If you do not get a satisfactory response to your complaint once you have raised it or you feel that you can not raise the concern with the organisation and its management, then you can, where appropriate, contact the regulator such as Ofsted, your local authority or the Care Quality Commission to raise your concerns.
- Local authorities are the lead agency in the safeguarding process; your local authority can undertake enquires or instruct others to do so.
- Ofsted monitors, inspects and regulates services provided by the education sector including nurseries, schools and colleges.

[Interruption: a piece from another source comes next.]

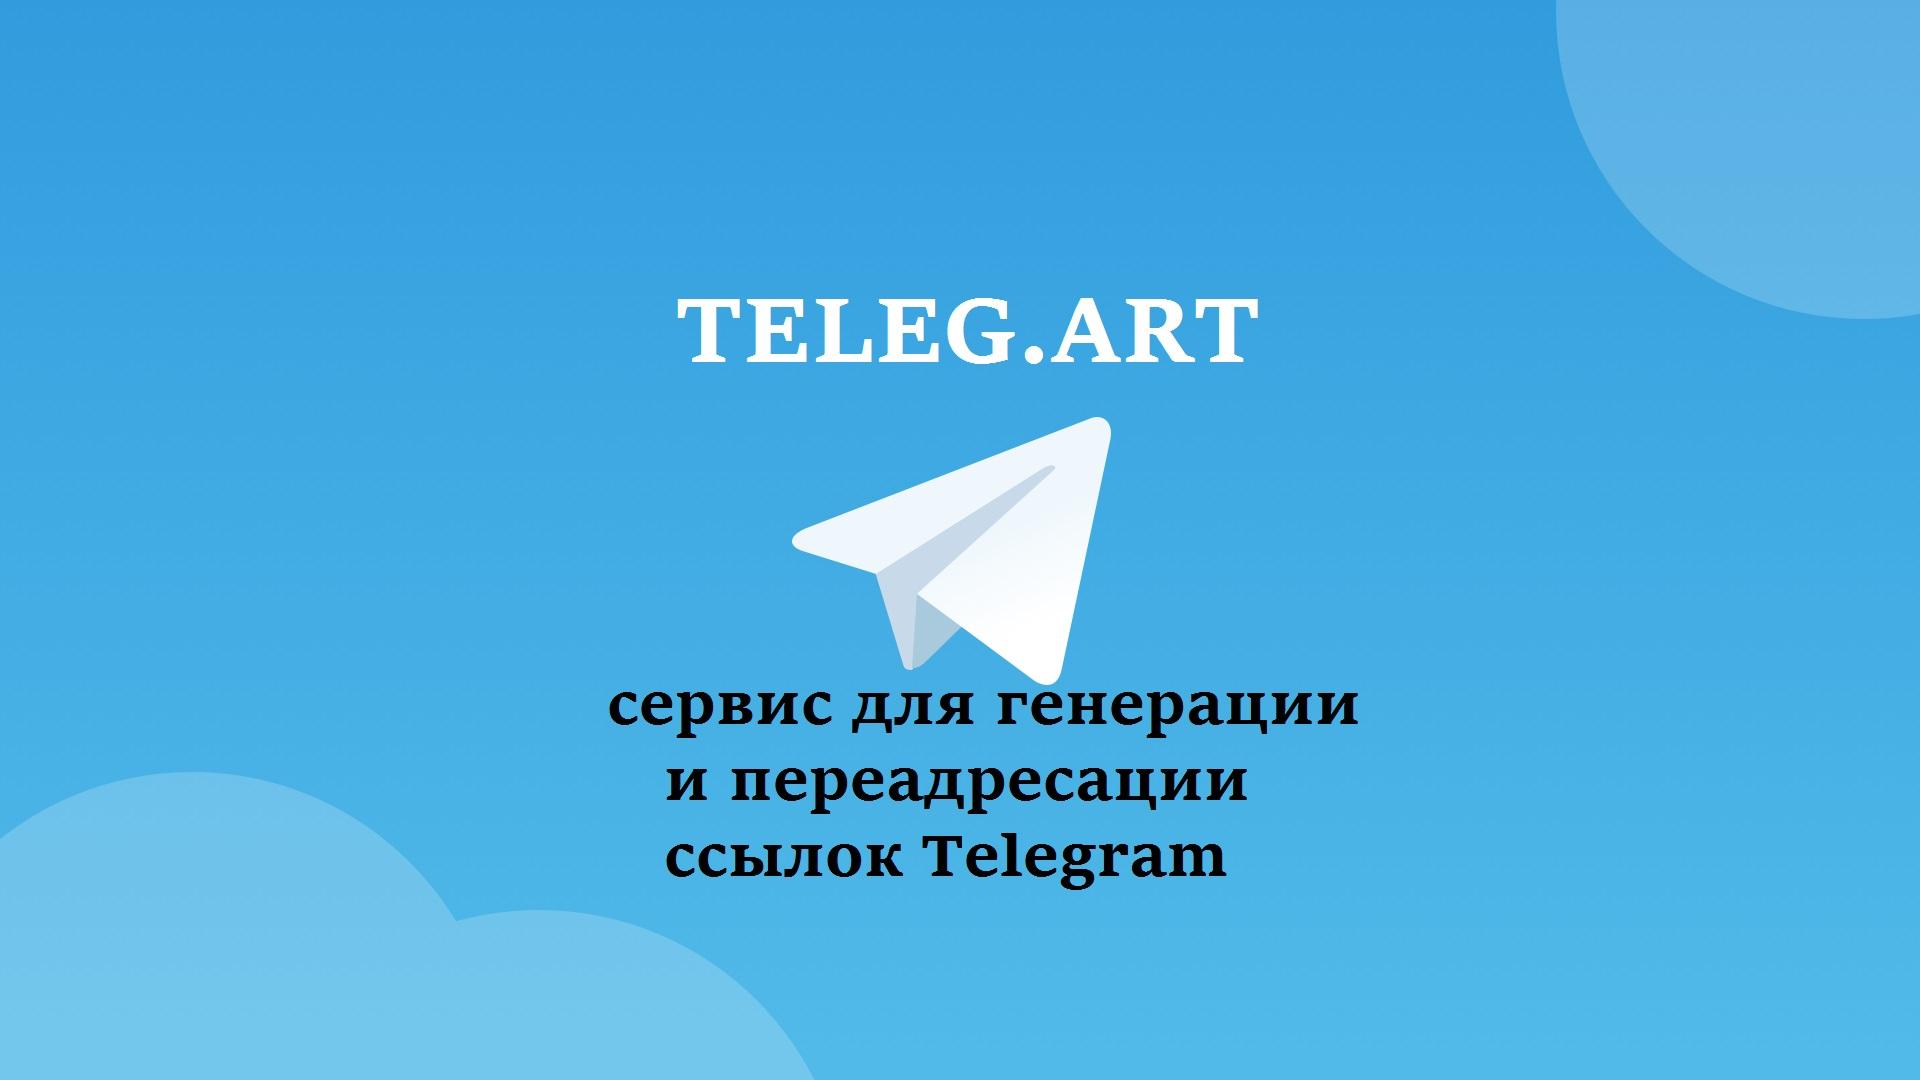 teleg.art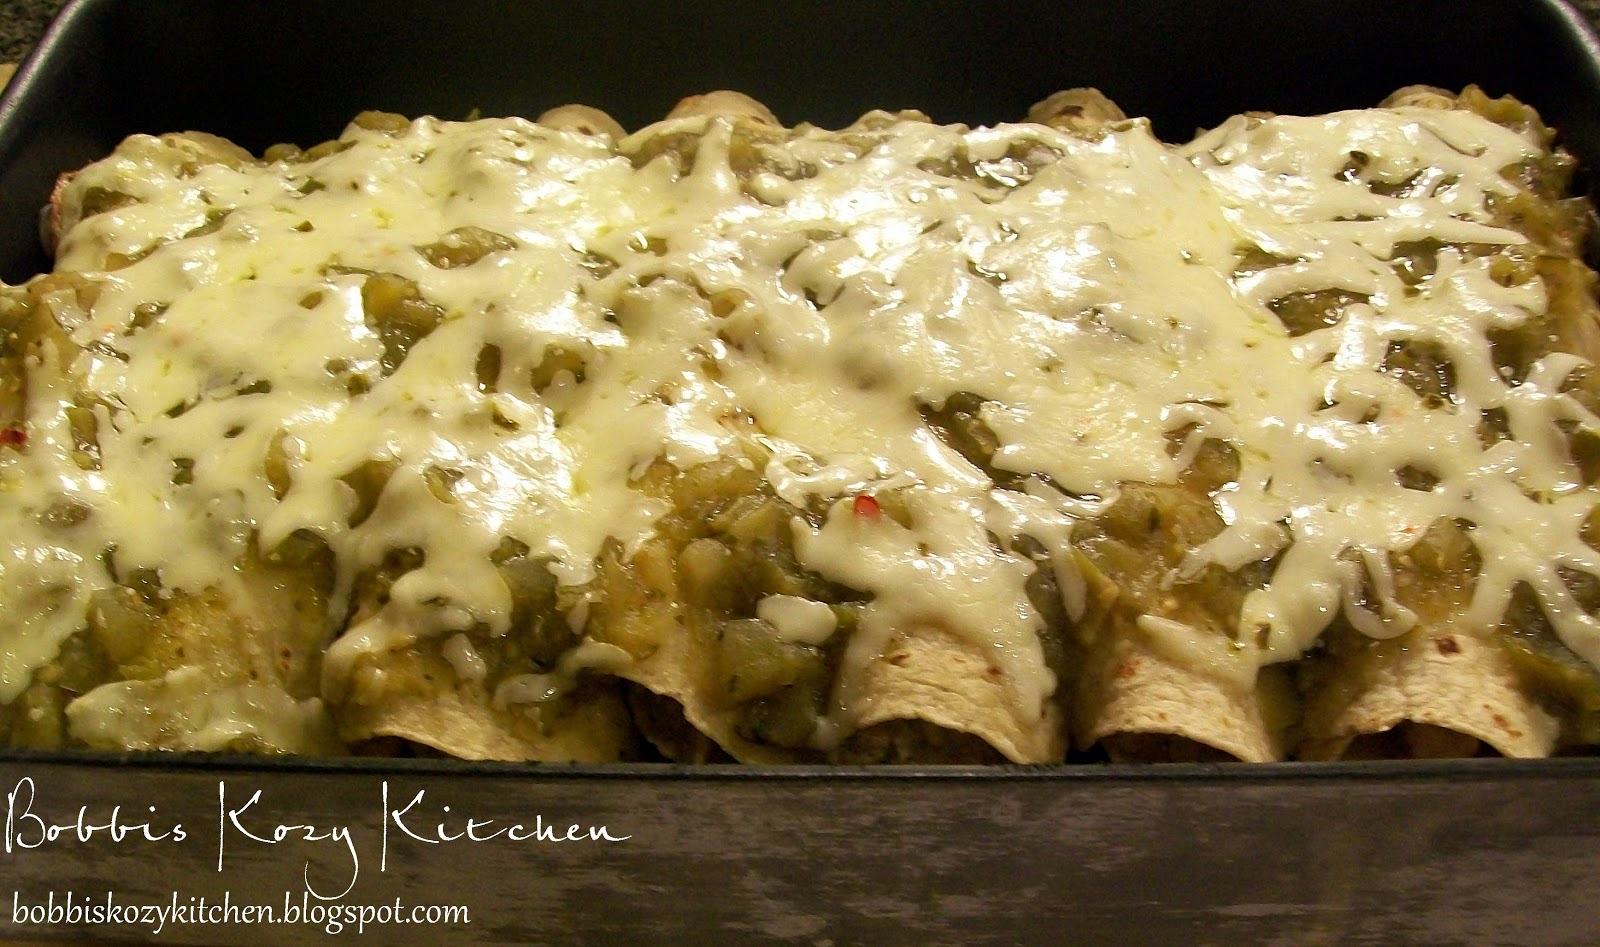 Bobbi's Kozy Kitchen: Chicken Enchiladas with Chili Verde Sauce

- The Care Quality Commission monitor, inspect and regulate services that provide health and social care, including treatment, care and support provided by hospitals, GPs, dentists, ambulances and mental health services. They are also responsible for treatment, care and support services for adults in care homes and in people’s own homes (both personal and nursing care) and services for people whose rights are restricted under the Mental Health Act.
It is important that people who work in health and care organisations feel they can speak up about any issues that cause them concern. People can contact the CQC through all of their communication channels. They describe the concerns that they receive as “whistleblowing enquiries”.
When the CQC receive an enquiry, they consider the information carefully and prioritise which action to take according to the level of risk. The most serious enquiries, for example where there is a risk of harm to an individual, will trigger a safeguarding process that may include a referral, such as to the local authority. Other actions include carrying out an inspection, working jointly with other partners or taking enforcement action.
The outcome of any complaint and subsequent investigation of the complaint will be dependent upon the nature of the concerns but may include:
- Introduction or review of Human Resources processes and procedures.
- Introduction / review of workplace policy and procedures.
- Review of systems.
- Staff training.
- Suspension of provider.
- Referral to the Disclosure and Barring Service.
- Referral to Professional Registration Bodies.
- Safeguarding Reviews.
The wellbeing and safety of anyone who is receiving any form of care service including health, social care or education, is paramount. Safeguarding is everyone’s responsibility, so if it is suspected that organisational abuse has occurred within an organisation it is important that the concern is raised; if not, there will not be action taken to end the abuse and to ensure that it doesn’t happen again.
The safeguarding process can be used to prevent or reduce the possibility of organisational abuse occurring, particularly if the concern is raised at the earliest opportunity.
Once reported, it may not always be necessary to commence an organisational abuse enquiry and an individual safeguarding enquiry may be more appropriate, but anything that you do report will be treated sensitively and should result in some form of action whether by the care provider or by the regulatory bodies.